The international chemical weapons watchdog announced Friday it has verified the destruction of all of Syria’s unfilled munitions — another milestone along the road to eradicating President Bashar Assad’s chemical weapons program by mid-2014.
The Organization for the Prohibition of Chemical Weapons said in a statement that its experts in Syria also have verified the destruction of parts of buildings at weapons production facilities.
The latest destruction work was near the city of Homs. The OPCW said the sites had been inaccessible due to security reasons.
The joint United Nations-OPCW team in Syria aims to remove the most toxic chemicals from Syria by the end of the year for destruction at sea and destroy the entire program by mid-2014.
The OPCW said last month that it already had verified the destruction of 63 percent of Syria’s unfilled munitions — which can be used in chemical weapons attacks — and that Syria had said it had destroyed all the munitions, however the total destruction had not been verified.
The OPCW, which won the Nobel Peace Prize this year, has been directed by the United Nations to oversee the destruction of the Syrian government’s chemical weapons. The unprecedented disarmament in the midst of a civil war now in its third year was launched following an Aug. 21 chemical weapons attack on a Damascus suburb that killed hundreds of civilians.
The U.S. and Western allies accused the Syrian government of being responsible for that attack, while Damascus blames the rebels. Syria joined the OPCW and agreed to dismantle its chemical arsenal to ward off possible U.S. military strikes.

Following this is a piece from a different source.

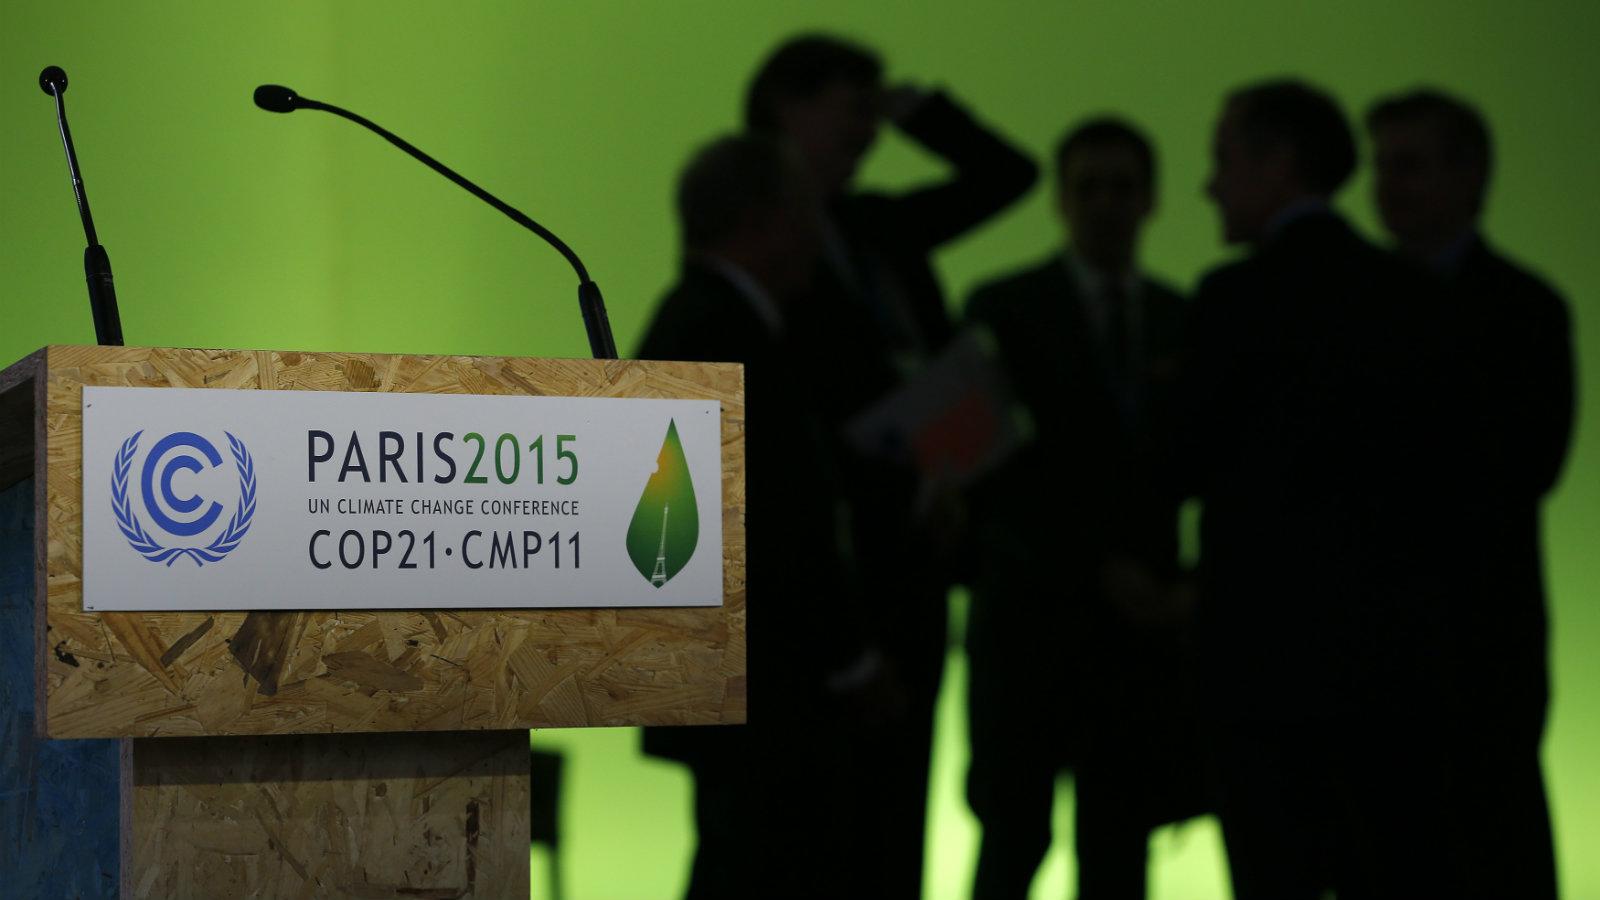 COP21, PARIS CLIMATE CONFERENCE

The United States is now expected to play a key role in the destruction of the most toxic chemicals in Syria’s stockpile. Washington has offered to provide a boat carrying a mobile device in which the chemicals can be neutralized. No chemicals or waste products would be dumped at sea under the plan being finalized by the OPCW.
Nearly three dozen private companies also have offered to destroy fewer than 800 tons of other less toxic chemicals that Syria declared to the Hague-based organization as part of its weapons programs.